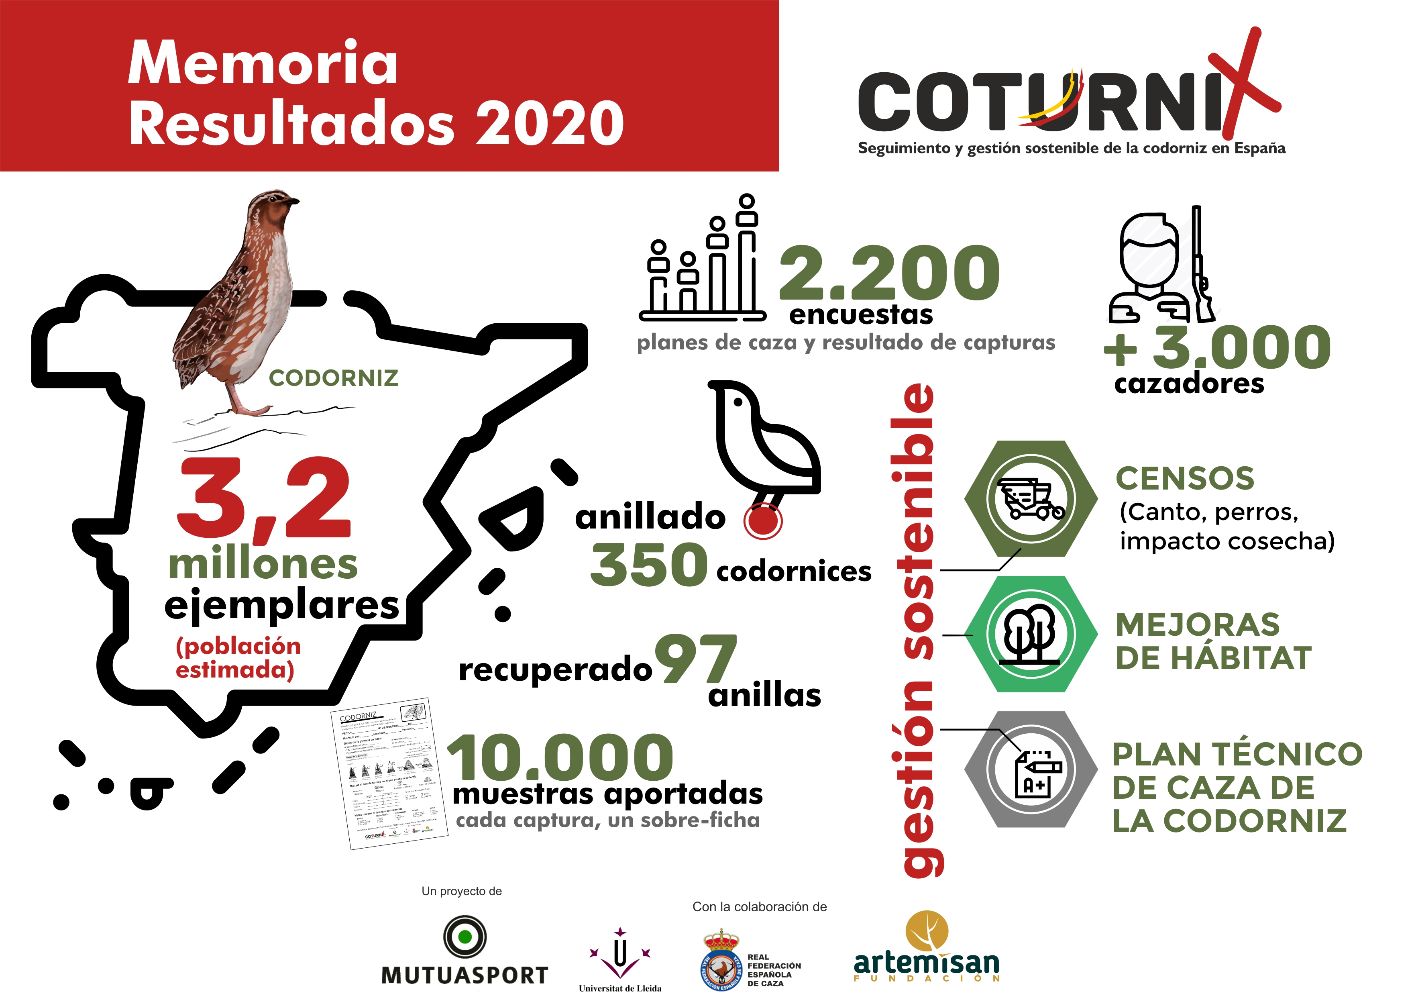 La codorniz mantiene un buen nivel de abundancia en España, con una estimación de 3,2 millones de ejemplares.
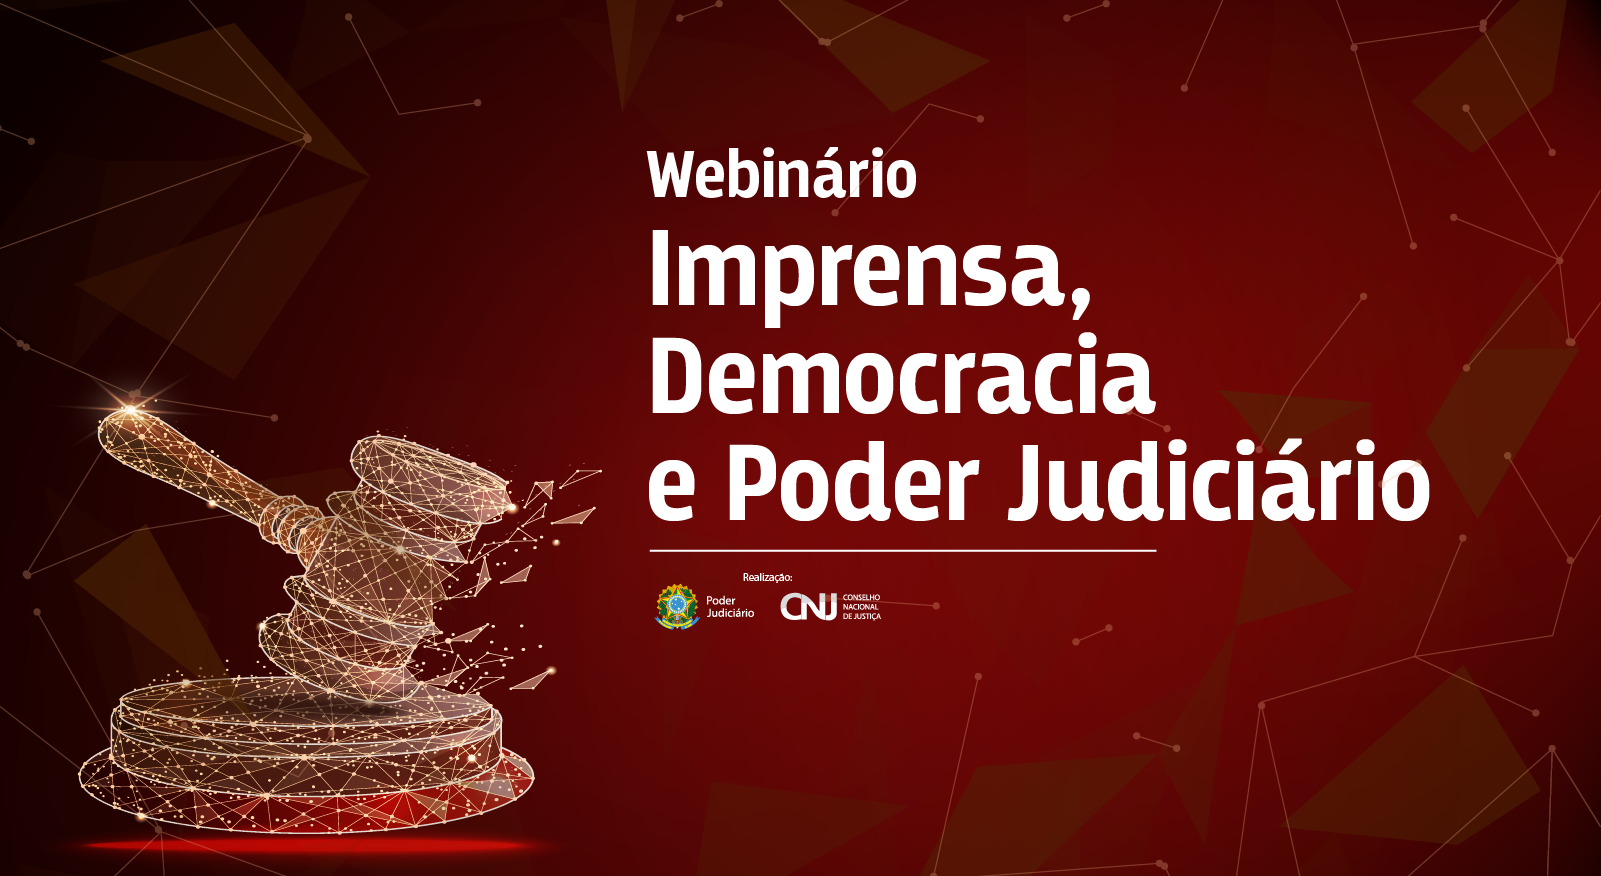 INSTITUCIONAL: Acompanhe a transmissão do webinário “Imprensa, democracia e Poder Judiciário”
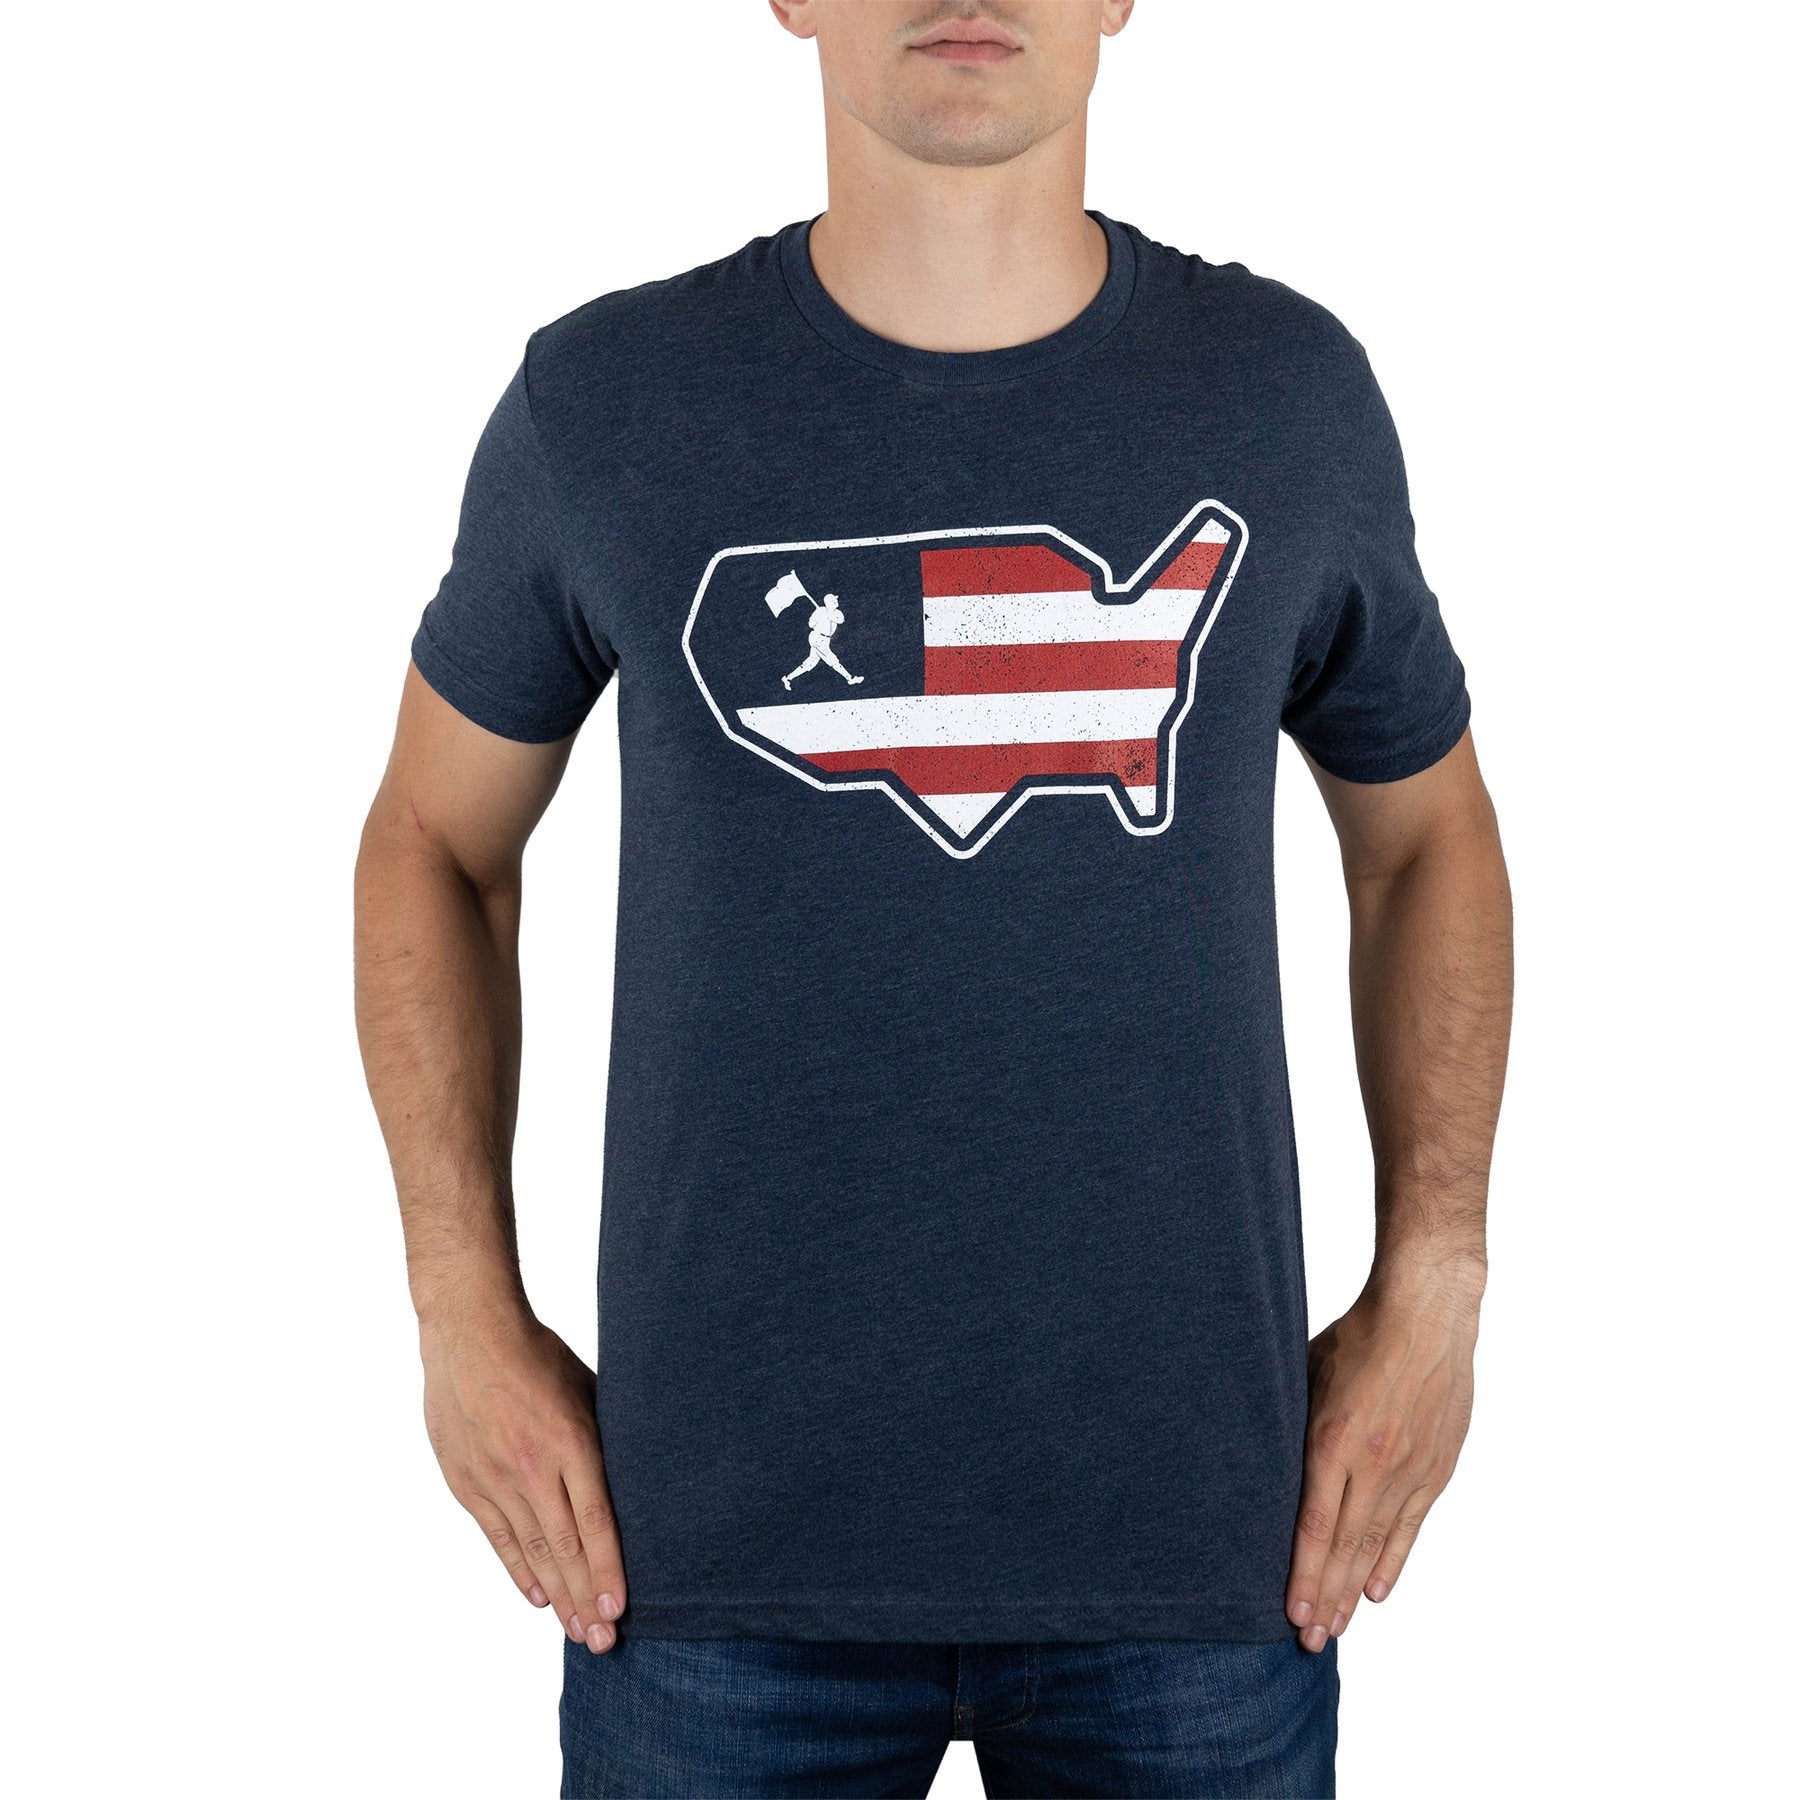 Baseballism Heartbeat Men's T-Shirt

========

Pictures stay out; reproduce exactly the lines from the one containing "INSTITUCIONAL: Acompanhe a" through the end of the data.

> [Answer]
 INSTITUCIONAL: Acompanhe a transmissão do webinário “Imprensa, democracia e Poder Judiciário”
 Baseballism Heartbeat Men's T-Shirt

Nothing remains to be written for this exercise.